Task details | The entries that follow include a run beginning at the line with "Dollman Kills The" and ending at the line with "Lego figures in computer keyboard"; restate that run word for word and leave the rest out.

Entries shown |
*****

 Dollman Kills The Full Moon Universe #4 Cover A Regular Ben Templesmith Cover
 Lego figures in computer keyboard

*****

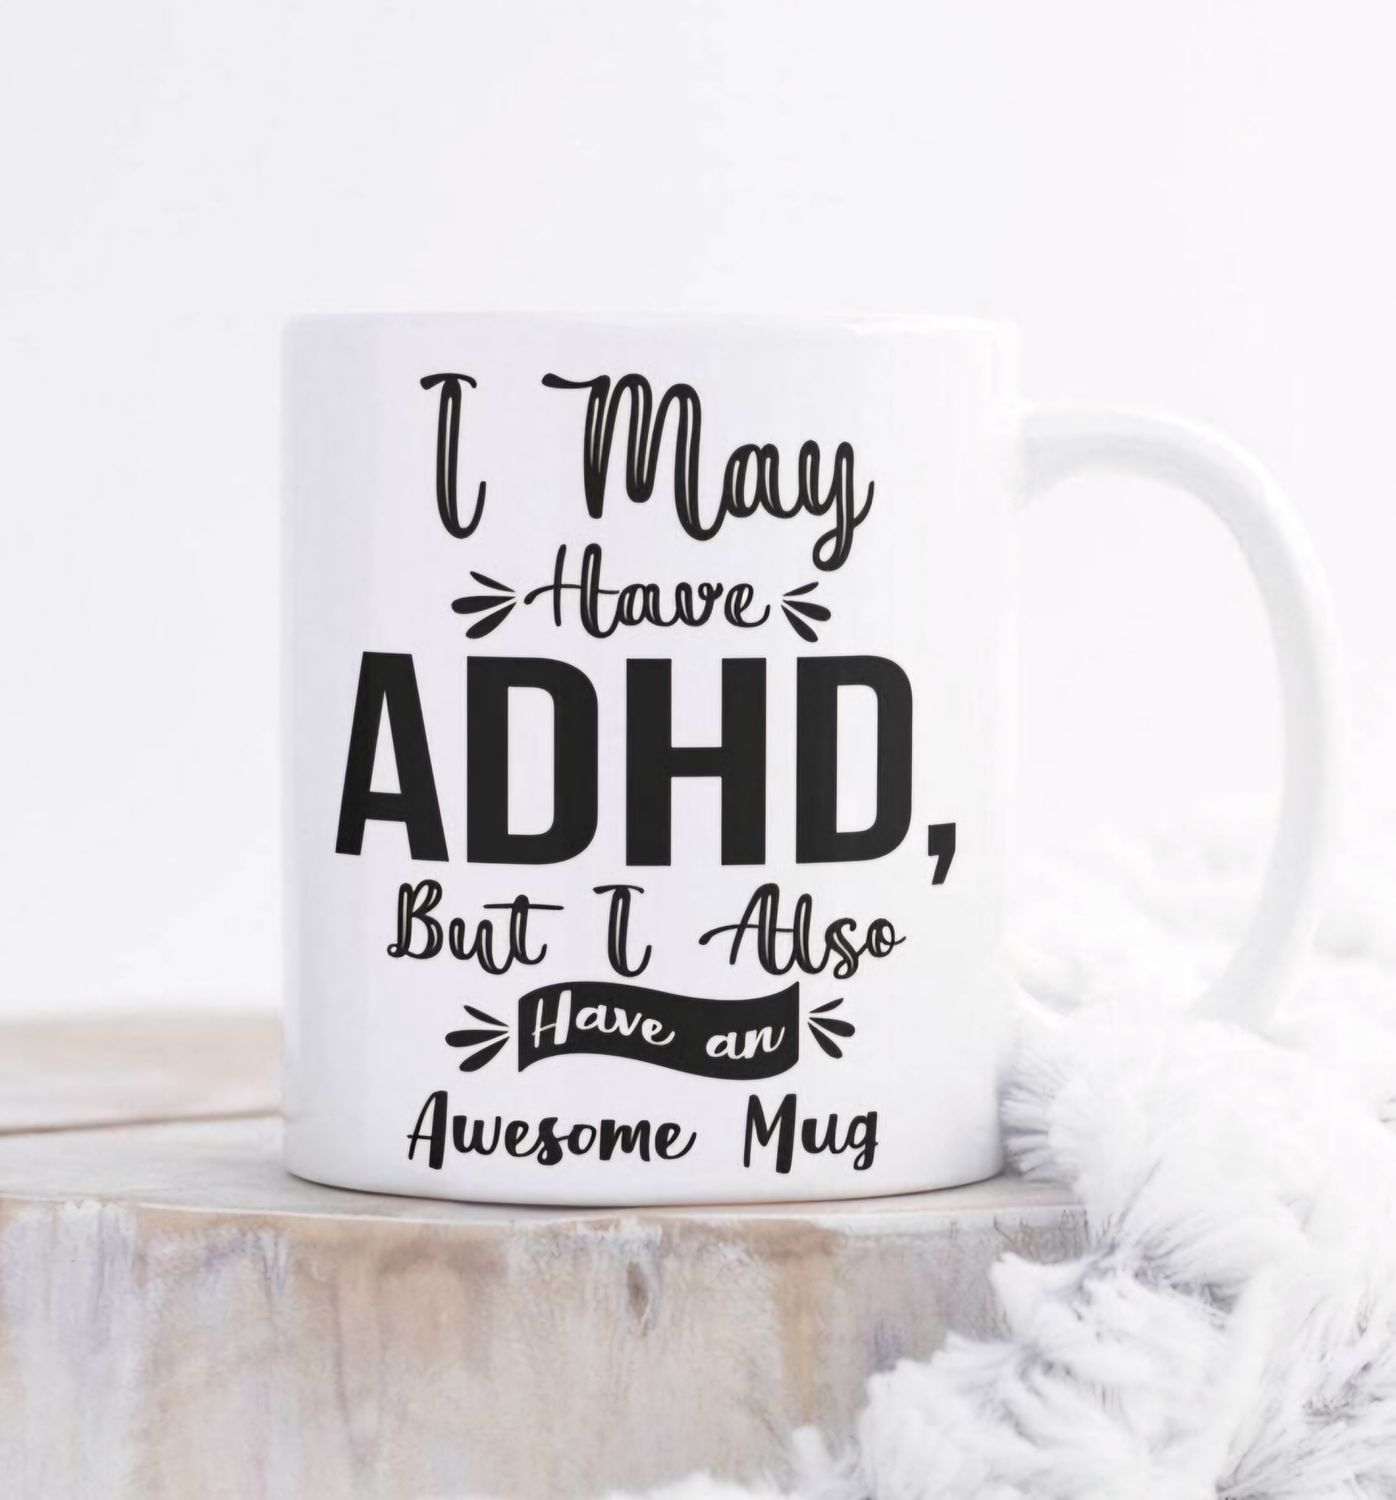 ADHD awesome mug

*****

Your solution |
 Dollman Kills The Full Moon Universe #4 Cover A Regular Ben Templesmith Cover
 Lego figures in computer keyboard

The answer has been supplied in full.